# When does Springwatch 2008 start?



## 98316 (Mar 25, 2006)

Does anyone know the date? 

All I can find on the BBC website is that it is May 2008 i.e. now. I've tried to look online at next weeks tv guide but can find no mention. Does anyone have any idea what date it starts? 

AmI right in thinking that Springwatch is on for 2 weeks? 

Thanks, TravelBug


----------



## baldybazza (Feb 21, 2007)

I think it starts May 26th and probably is on for 2 weeks - one of favourite programmes and we are away


----------



## Steamdrivenandy (Jun 18, 2007)

I don't know about you but it always seems to me that Springwatch comes on about 2 to 3 weeks too late and we're almost in Summer by the time it's finished it's run.

Andy


----------



## 98316 (Mar 25, 2006)

We quite agree with you. Spring to us is May at the latest, I mean so far I've had two lots of blackbirds born, robins had their off spring, the swallows are nesting, the lambs are growing up and the spring flowers are over and summer ones beginning. 

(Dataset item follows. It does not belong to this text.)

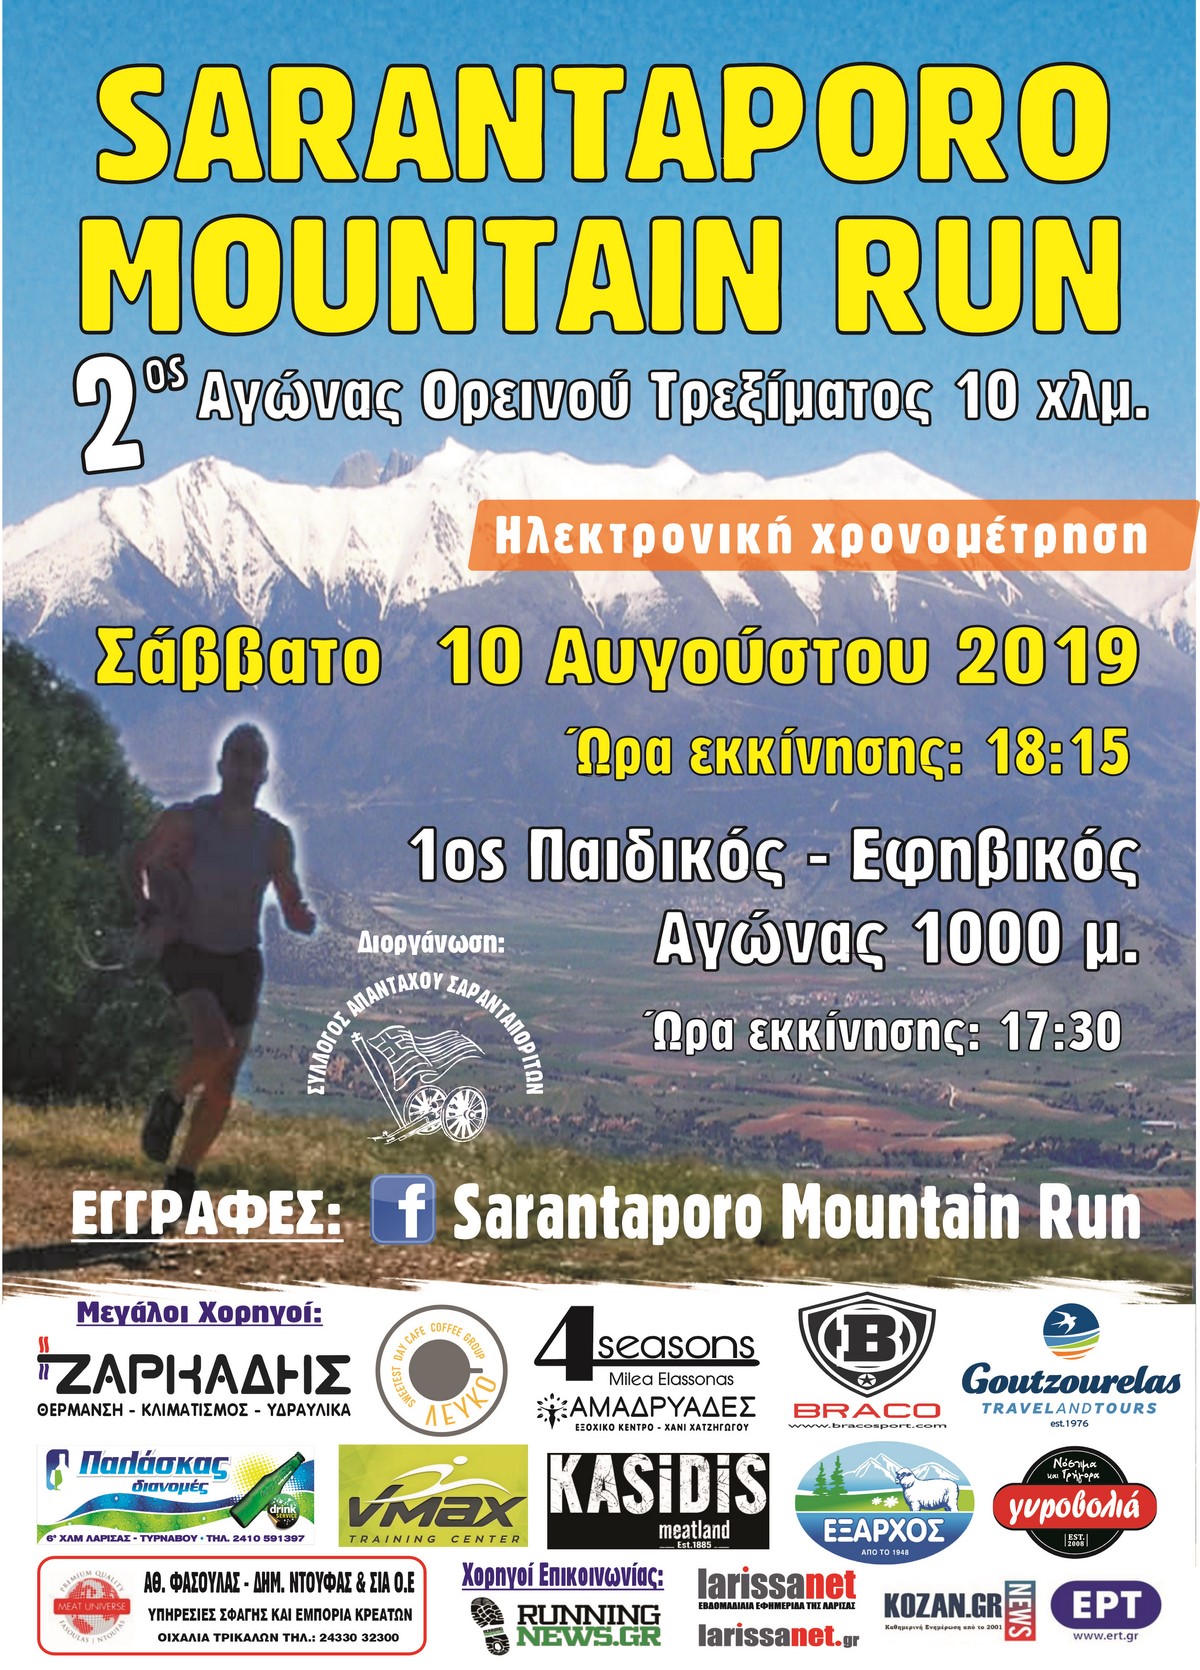 Δηλώστε συμμετοχή στον αγώνα Sarantaporo Mountain Run
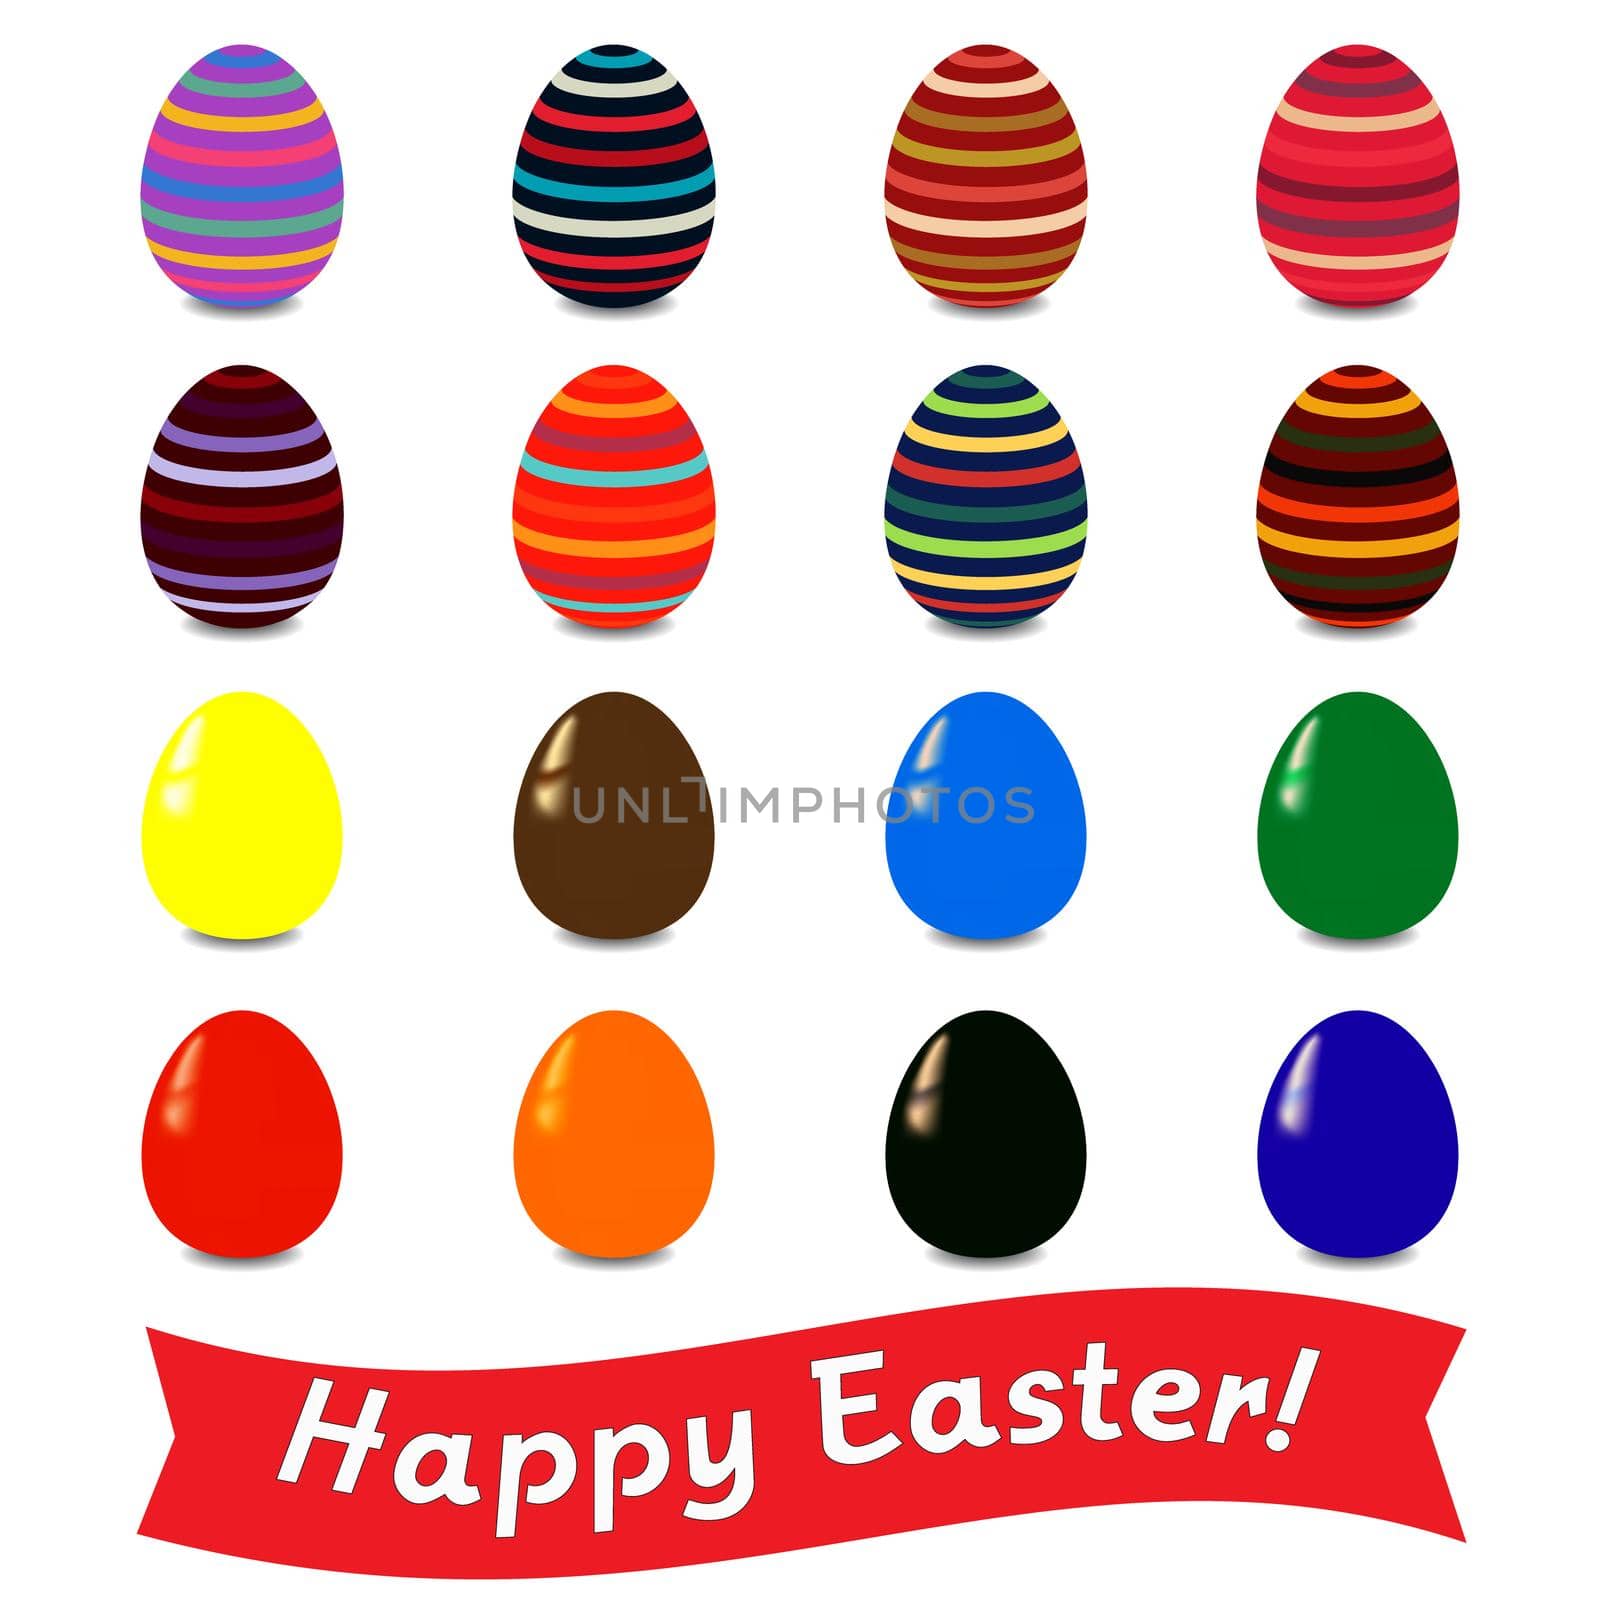 Easter eggs by Bobnevv

Summer starts officially I know on June 21st so technically it is still Spring but it would be nice to see the show on a few weeks earlier when there is so much more to see.


----------



## Zebedee (Oct 3, 2007)

Right now if you like Andy

http://www.bbc.co.uk/wiltshire/content/articles/2008/05/08/bluetit_webcam_feature.shtml

Cheers


----------



## baldybazza (Feb 21, 2007)

I suppose its put on then to coincide with the children's half term but I agree its much too late.


----------



## Steamdrivenandy (Jun 18, 2007)

Before it got dark tonight Mrs SDA and I were watching a Mother Blackbird chasing a young un with no bum feathers around our garden. The little wart wouldn't stay in one place and Mum kept coming back with a beak full of food only to find here offspring had vamoosed to the other side for a change of scenery.

Andy


----------



## 96299 (Sep 15, 2005)

I think it is late for a reason,in that they want there to be lots of young in the nests for many speices,given the differing incubation times. :roll: 

steve


----------



## spykal (May 9, 2005)

Hi

I am sure fans of Springwatch <<< will enjoy the preview at this link ... I did :wink:

Mike


----------



## Rocles (May 1, 2005)

We just had these guys marching past the front window


----------



## 96299 (Sep 15, 2005)

Wow..what a clutch that is. 8O I counted 16.Get in.  

steve


----------